Libby was delighted with the work that had been done, because she’d be able to rent the gatehouse out as a tiny but intimate holiday let, once Noah didn’t need it any more.
Noah arrived next morning and came round later to thank me for the biscuits and wine. I invited him in, but it was a bit strained at first—none of the easy friendship we had shared previously. I suppose it was because at the back of his mind there was a lingering suspicion that Anji had been right, and I
was
having a mad, passionate fling with Rob Rafferty; and at the back of
mine I suspected he was still indulging his no-strings-attached philosophy with Anji.
But then, since I’d just taken a batch of Cornish pasties out of the oven, and it was nearly lunch time, I invited him to stay. I’d already taken one round to Harry, as a quick snack before he went to his dominoes club.
‘That’s a lot of Cornish pasties,’ Noah commented, sitting at the table. ‘Two different kinds?’
‘Actually, some of them are Chingree Puffs, like a sort of curried pasty. Lily Grace gave me the recipe. And I batch-bake because I freeze a lot of them. Some go into Harry’s freezer too. He likes to be independent and gets most of his own meals. Any excess I give to the Graces and Dorrie. All three of them are terribly proud, but I just say I can’t fit any more into my freezer because I’ve got carried away and made too many.
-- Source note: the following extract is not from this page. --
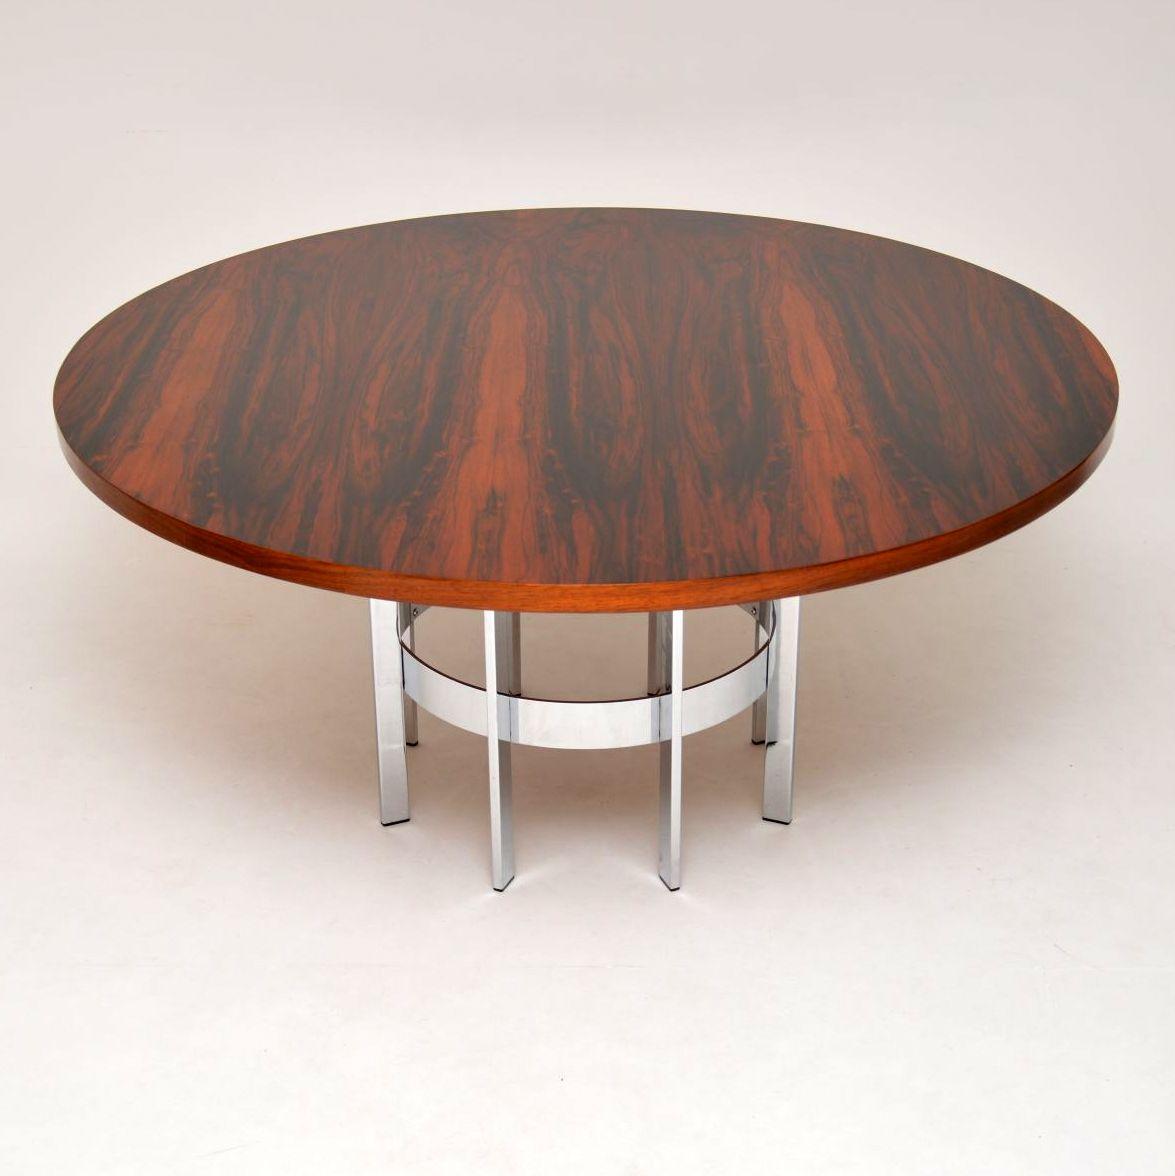 Retrospective Interiors & 1960\u0027s Vintage Rosewood \u0026 Chrome Dining Table by Merrow Associates

Of course, they give me Acorns in exchange.’
Acorns?’
‘Yes, the imaginary currency we use to trade things.’
‘Of course, I’d forgotten—Libby told me all about it. You look after your friends well,’ he commented, with that attractive, slightly lopsided smile.
‘They look after me too, and anyway, I love to cook. I don’t have to worry about Dorrie so much now, though, because Libby’s always inviting her over for meals, or Gina’s popping in with containers of pasta and sauce,’ I said. ‘Plus Libby and Tim are insisting on paying her for gardening too. But I’m going to miss the Blessings grapes.’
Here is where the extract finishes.